Andrea Santurbano <sant...@gmail.com>于2018年7月5日周四 下午3:35写道:

> I agree that is not for production, but if want to do a simple blog post
> (and that's what I'm doing) I think it's a well suited solution.
> Is it possible to fix this?
> Thanks
> Andrea
>
> Il giorno gio 5 lug 2018 alle ore 02:29 Jeff Zhang <zjf...@gmail.com> ha
> scritto:
>
>>
>> This might be due to the embedded spark version.  I would recommend you
>> to specify SPARK_HOME instead of using the embedded spark, the embedded
>> spark is not for production.
>>
>>
>> Andrea Santurbano <sant...@gmail.com>于2018年7月5日周四 上午12:07写道:
>>
>>> I have the same issue...
>>> Il giorno mar 3 lug 2018 alle 23:18 Adamantios Corais <
>>> adamantios.cor...@gmail.com> ha scritto:
>>>
>>>> Hi Jeff, I am using the embedded Spark.
>>>>
>>>> FYI, this is how I start the dockerized (yet old) version of Zeppelin
>>>> that works as expected.
>>>>
>>>> #!/bin/bash
>>>>> docker run --rm \
>>>>> --name zepelin \
>>>>> -p 127.0.0.1:9090:8080 \
>>>>> -p 127.0.0.1:5050:4040 \
>>>>> -v $(pwd):/zeppelin/notebook \
>>>>> apache/zeppelin:0.7.3
>>>>
>>>>
>>>> And this is how I start the binarized (yet stable) version of Zeppelin that
>>>> is supposed to work (but it doesn't).
>>>>
>>>> #!/bin/bash
>>>>> wget
>>>>> http://www-eu.apache.org/dist/zeppelin/zeppelin-0.8.0/zeppelin-0.8.0-bin-all.tgz
>>>>> tar  zxvf zeppelin-0.8.0-bin-all.tgz
>>>>> cd   ./zeppelin-0.8.0-bin-all/
>>>>> bash ./bin/zeppelin.sh
>>>>
>>>>
>>>> Thanks.
>>>>
>>>>
>>>>
>>>>
>>>> *// **Adamantios Corais*
>>>>
>>>> On Tue, Jul 3, 2018 at 2:24 AM, Jeff Zhang <zjf...@gmail.com> wrote:
>>>>
>>>>>
>>>>> Do you use the embeded spark or specify SPARK_HOME ? If you set
>>>>> SPARK_HOME, which spark version and hadoop version do you use ?
>>>>>
>>>>>
>>>>>
>>>>> Adamantios Corais <adamantios.cor...@gmail.com>于2018年7月3日周二 上午12:32写道:
>>>>>
>>>>>> Hi,
>>>>>>
>>>>>> I have downloaded the latest binary package of Zeppelin (ver. 0.8.0),
>>>>>> extracted, and started as follows: `./bin/zeppelin.sh`
>>>>>>
>>>>>> Next, I tried a very simple example:
>>>>>>
>>>>>> `spark.read.parquet("./bin/userdata1.parquet").show()`
>>>>>>
>>>>>> Which unfortunately returns the following error.
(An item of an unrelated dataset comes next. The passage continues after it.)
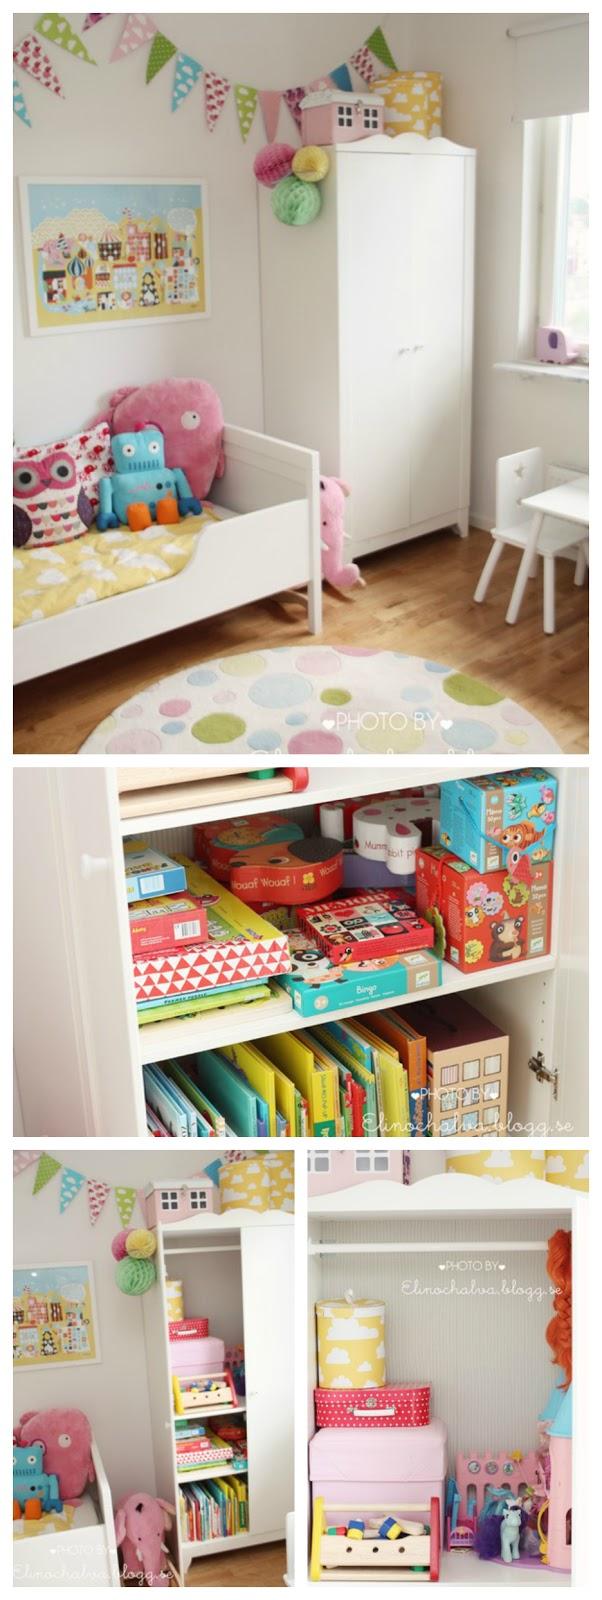 Aparador Vidro Preto ~ Baby Deco Nuevos usos Armario Hensvik como juguetero
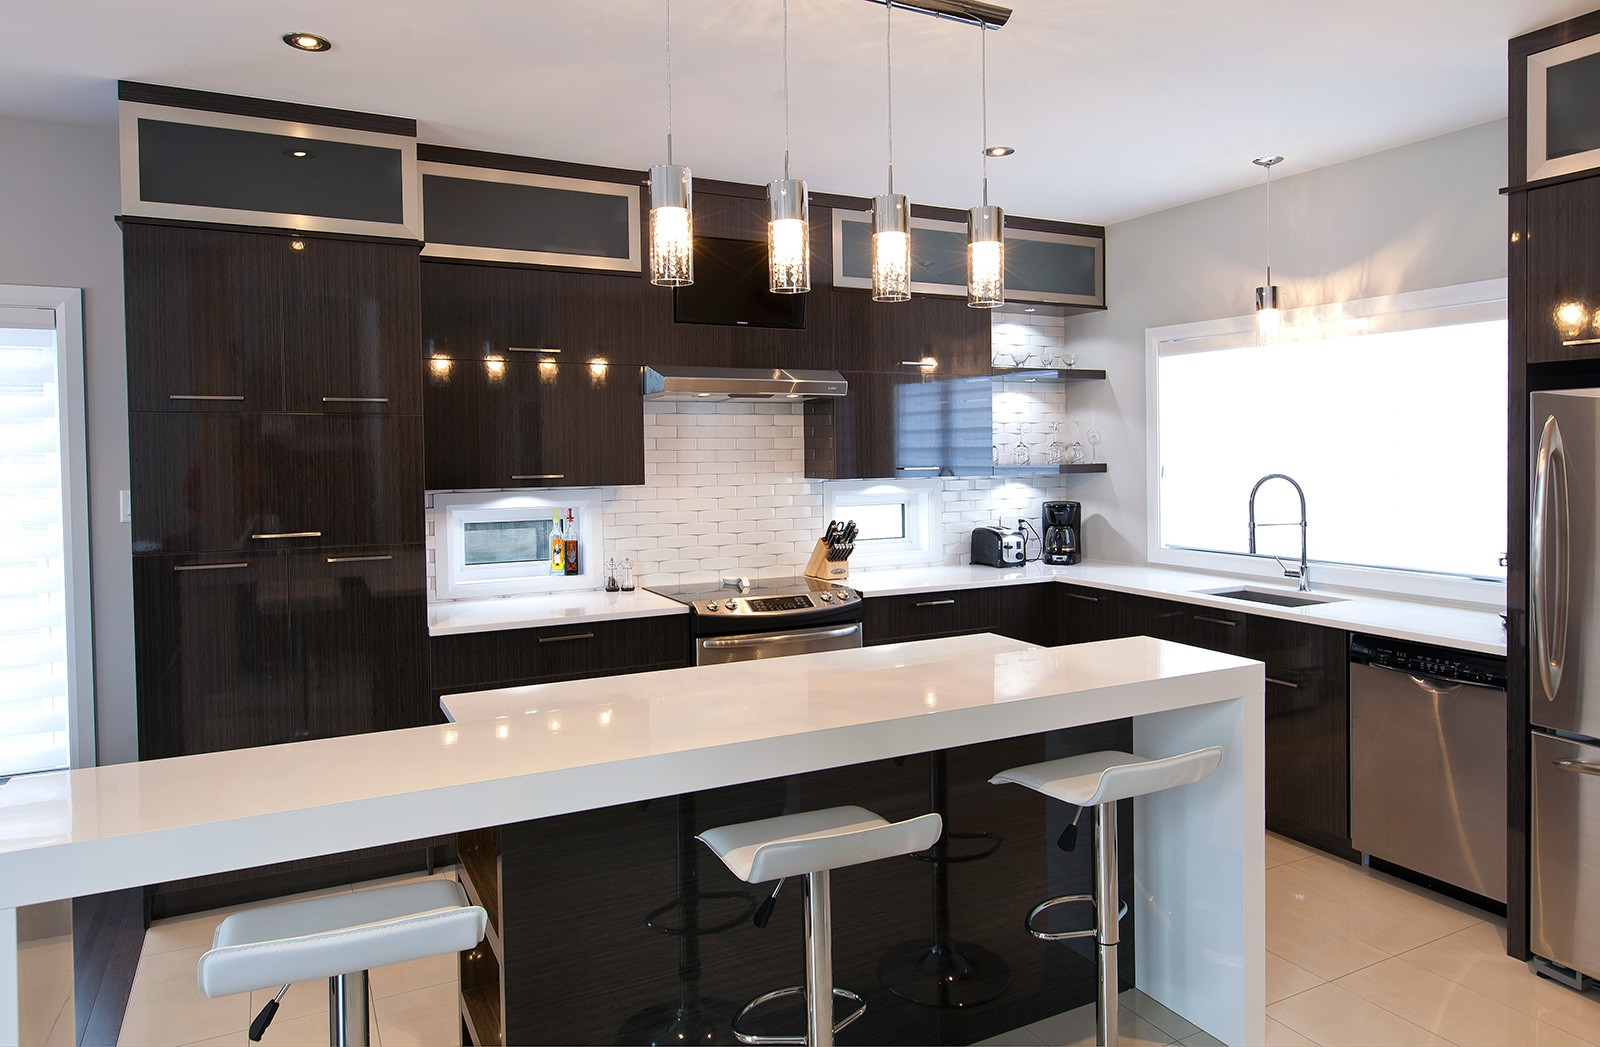 M6 deco cuisine noire cuisine id es de d coration de for Maison deco cuisine

Note that the same
>>>>>> example works fine with the official docker version of Zeppelin (ver.
>>>>>> 0.7.3). Any ideas?
>>>>>>
>>>>>> org.apache.spark.SparkException: Job aborted due to stage failure:
>>>>>>> Task 0 in stage 7.0 failed 1 times, most recent failure: Lost task 0.0 
>>>>>>> in
>>>>>>> stage 7.0 (TID 7, localhost, executor driver): 
>>>>>>> java.lang.NoSuchMethodError:
>>>>>>> org.apache.hadoop.fs.FileSystem$Statistics.getThreadStatistics()Lorg/apache/hadoop/fs/FileSystem$Statistics$StatisticsData;
>>>>>>> at
>>>>>>> org.apache.spark.deploy.SparkHadoopUtil$$anonfun$1$$anonfun$apply$mcJ$sp$1.apply(SparkHadoopUtil.scala:149)
>>>>>>> at
>>>>>>> org.apache.spark.deploy.SparkHadoopUtil$$anonfun$1$$anonfun$apply$mcJ$sp$1.apply(SparkHadoopUtil.scala:149)
>>>>>>> at
>>>>>>> scala.collection.TraversableLike$$anonfun$map$1.apply(TraversableLike.scala:234)
>>>>>>> at
>>>>>>> scala.collection.TraversableLike$$anonfun$map$1.apply(TraversableLike.scala:234)
>>>>>>> at scala.collection.Iterator$class.foreach(Iterator.scala:893)
>>>>>>> at scala.collection.AbstractIterator.foreach(Iterator.scala:1336)
>>>>>>> at scala.collection.IterableLike$class.foreach(IterableLike.scala:72)
>>>>>>> at scala.collection.AbstractIterable.foreach(Iterable.scala:54)
>>>>>>> at
>>>>>>> scala.collection.TraversableLike$class.map(TraversableLike.scala:234)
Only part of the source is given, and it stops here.